## THE PROBLEM
All lines below between the line with "O melhor substituto" and the line with "MAXTRACK Splitter Verteiler", including both, must be copied exactly, and the pictures must be omitted.

## SUPPLIED MATERIAL
──────────

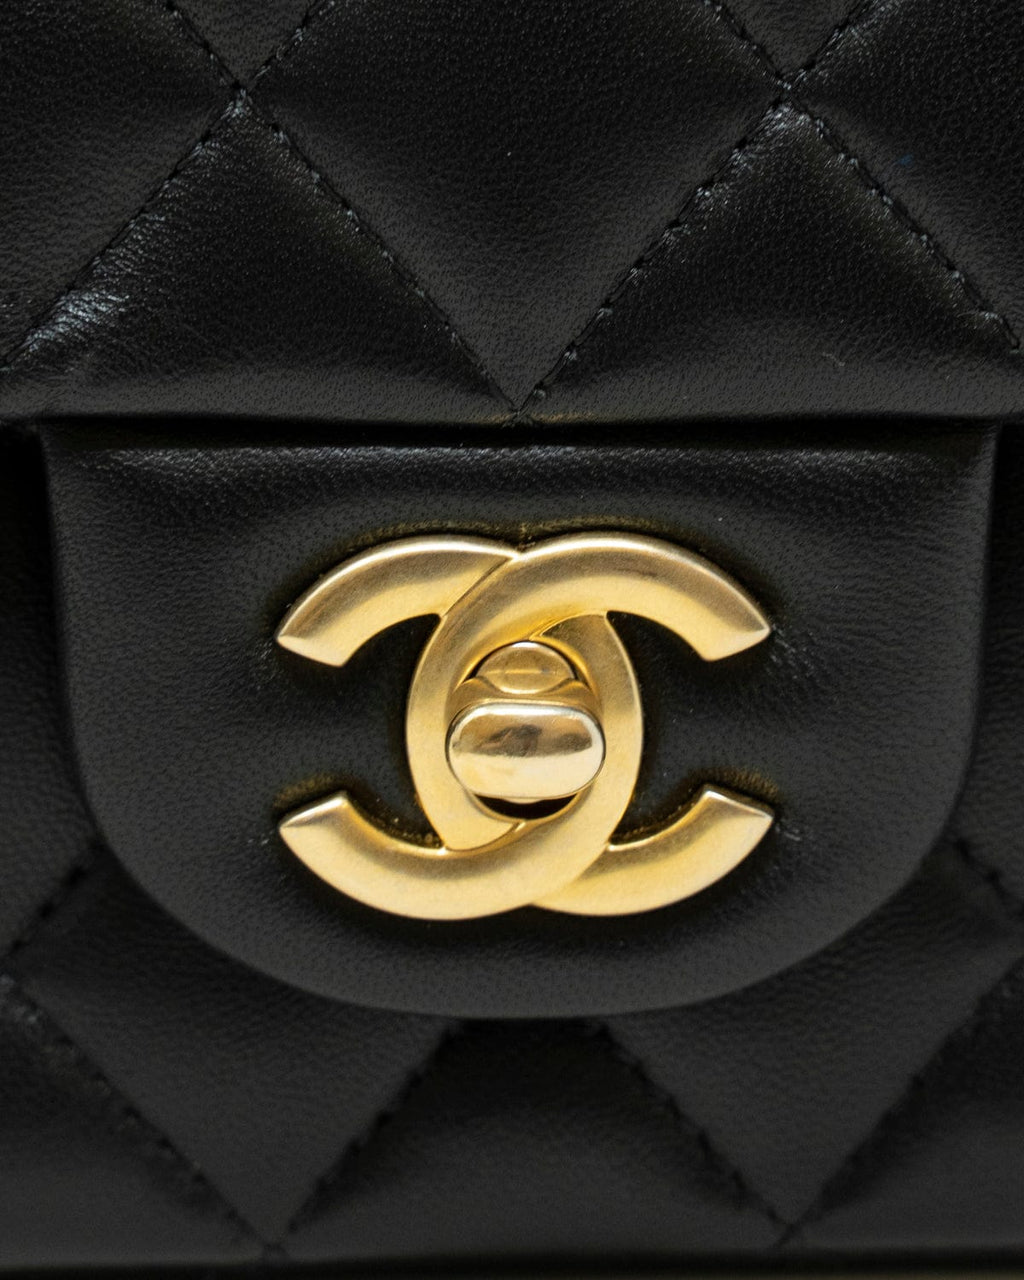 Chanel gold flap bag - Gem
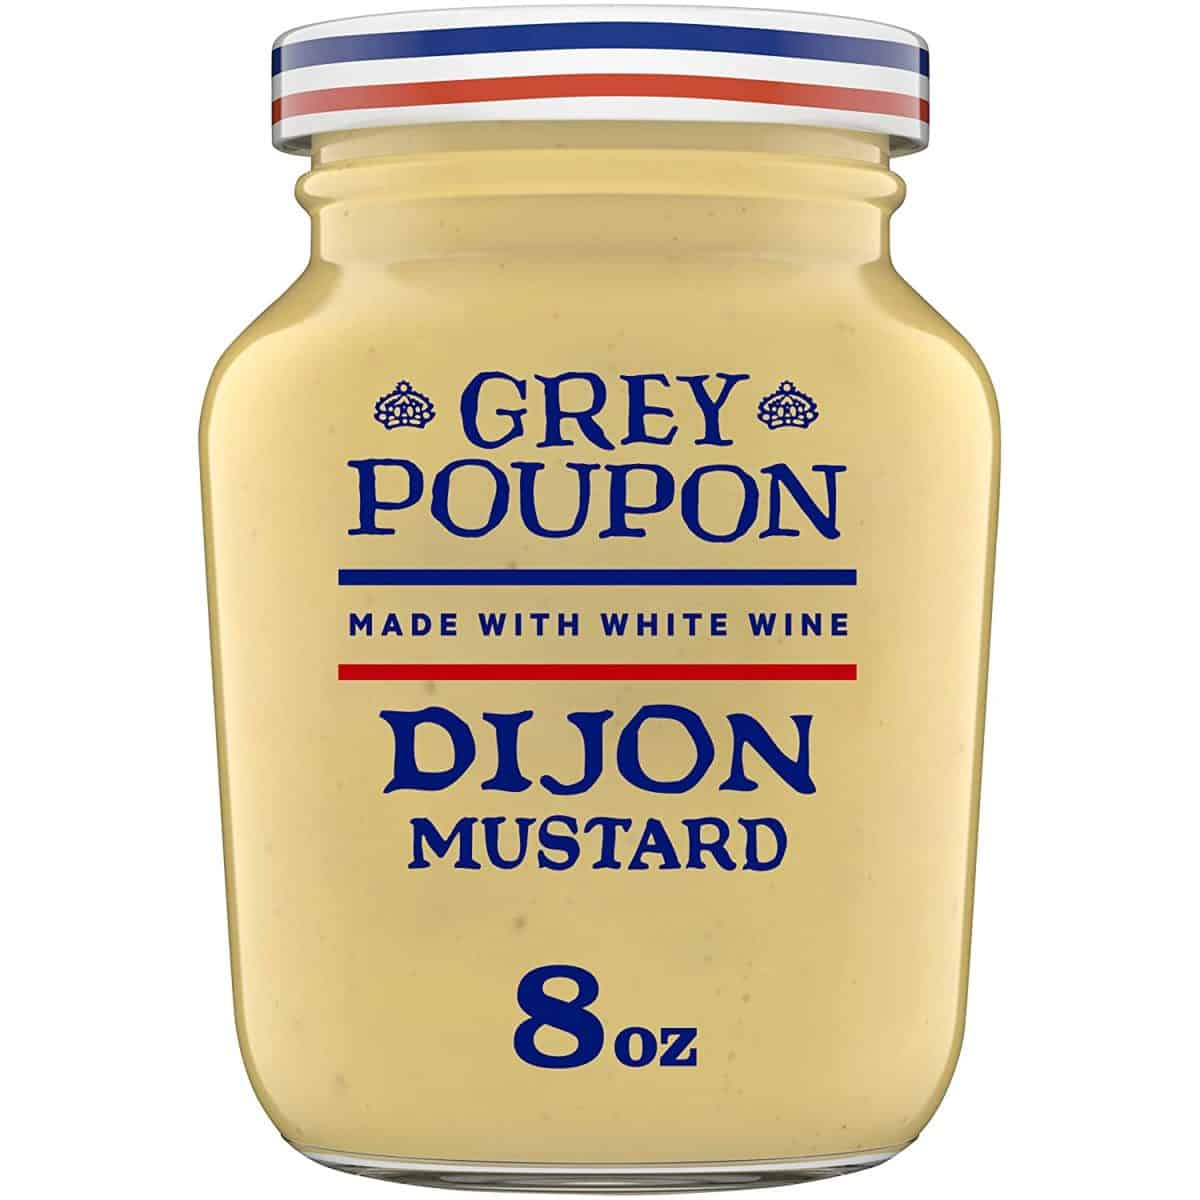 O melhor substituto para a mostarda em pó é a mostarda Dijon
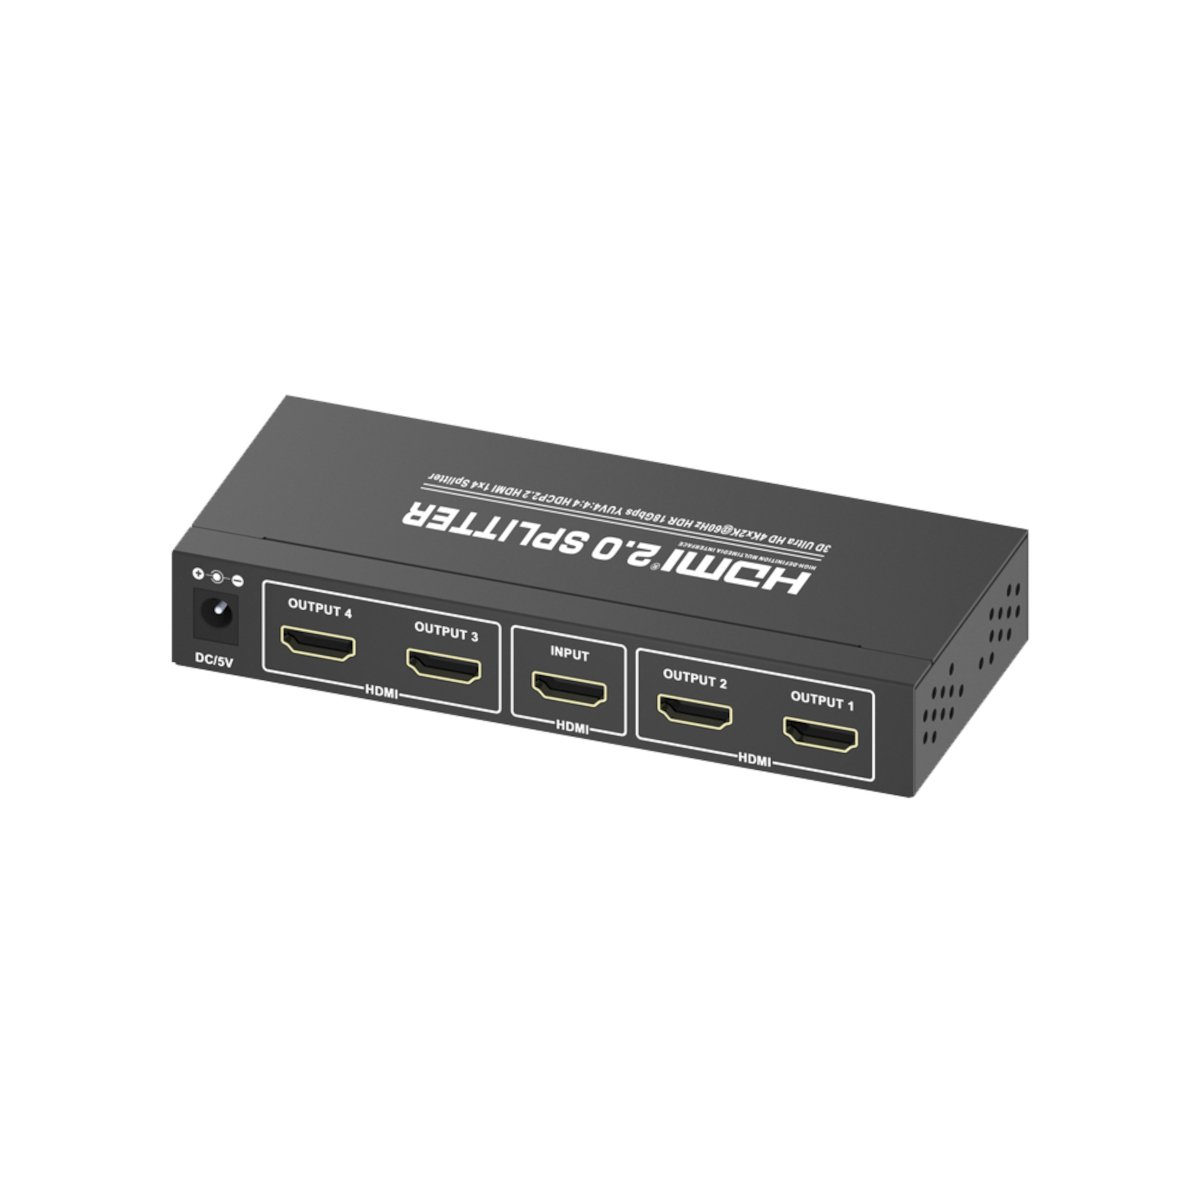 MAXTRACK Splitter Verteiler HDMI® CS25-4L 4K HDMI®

──────────

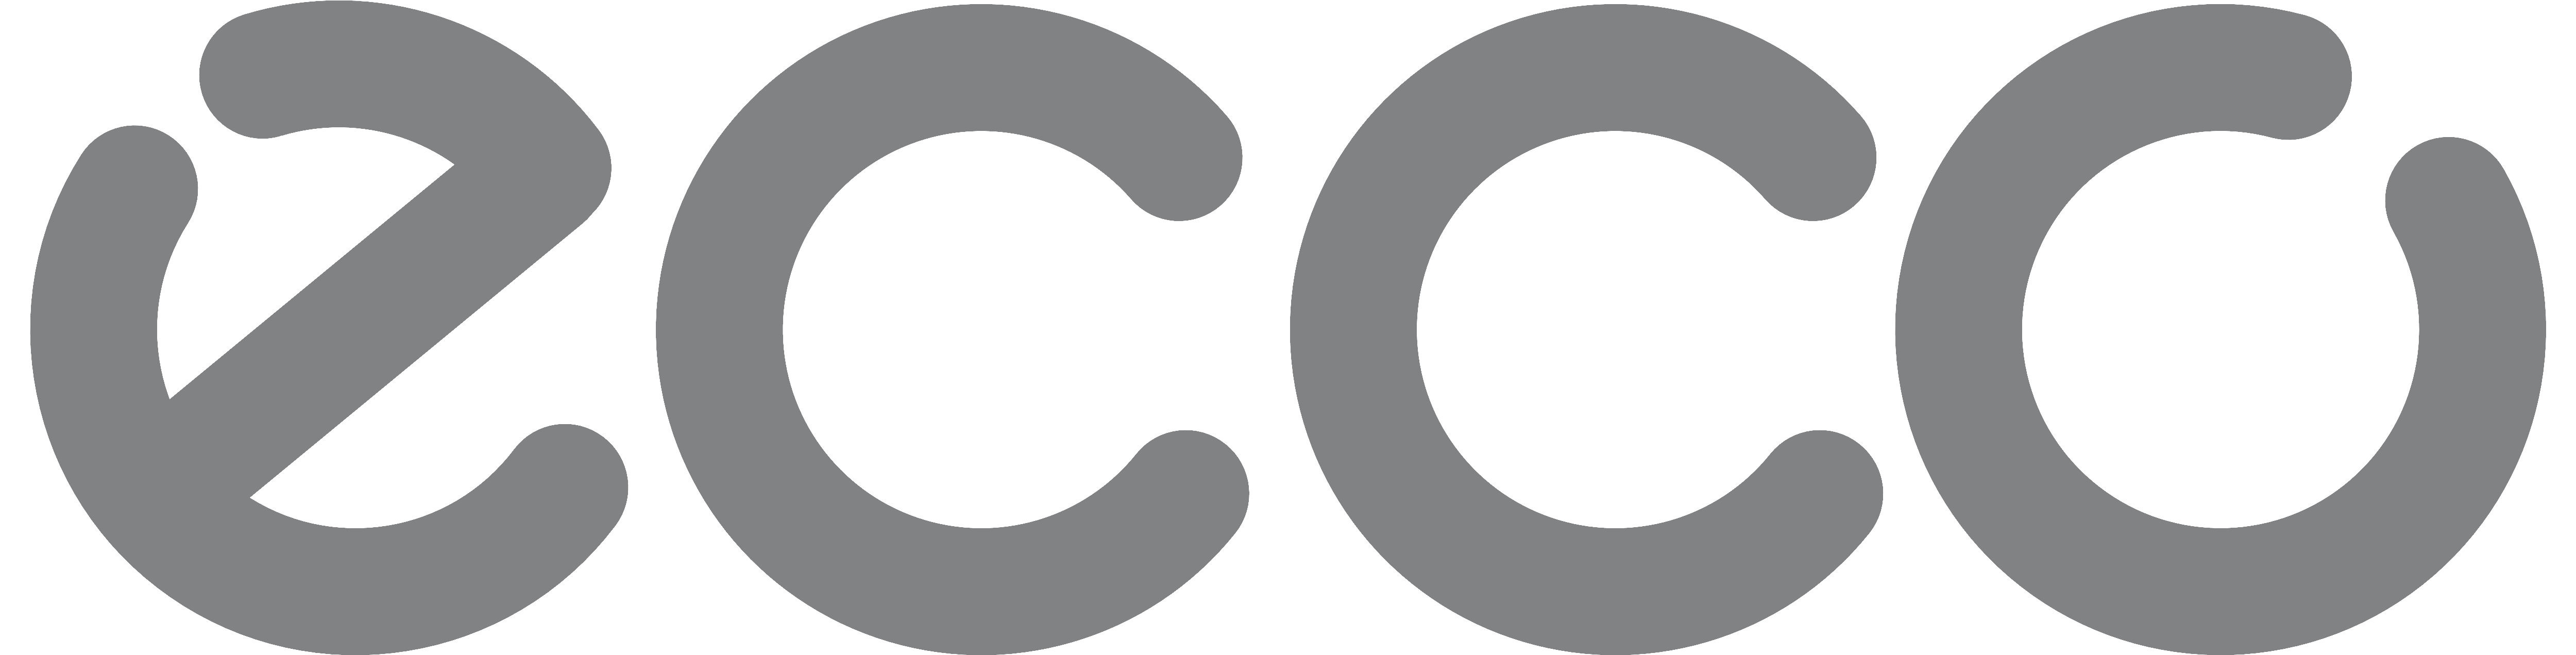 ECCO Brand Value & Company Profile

──────────

## ANSWER TO THE PROBLEM
 O melhor substituto para a mostarda em pó é a mostarda Dijon
 MAXTRACK Splitter Verteiler HDMI® CS25-4L 4K HDMI®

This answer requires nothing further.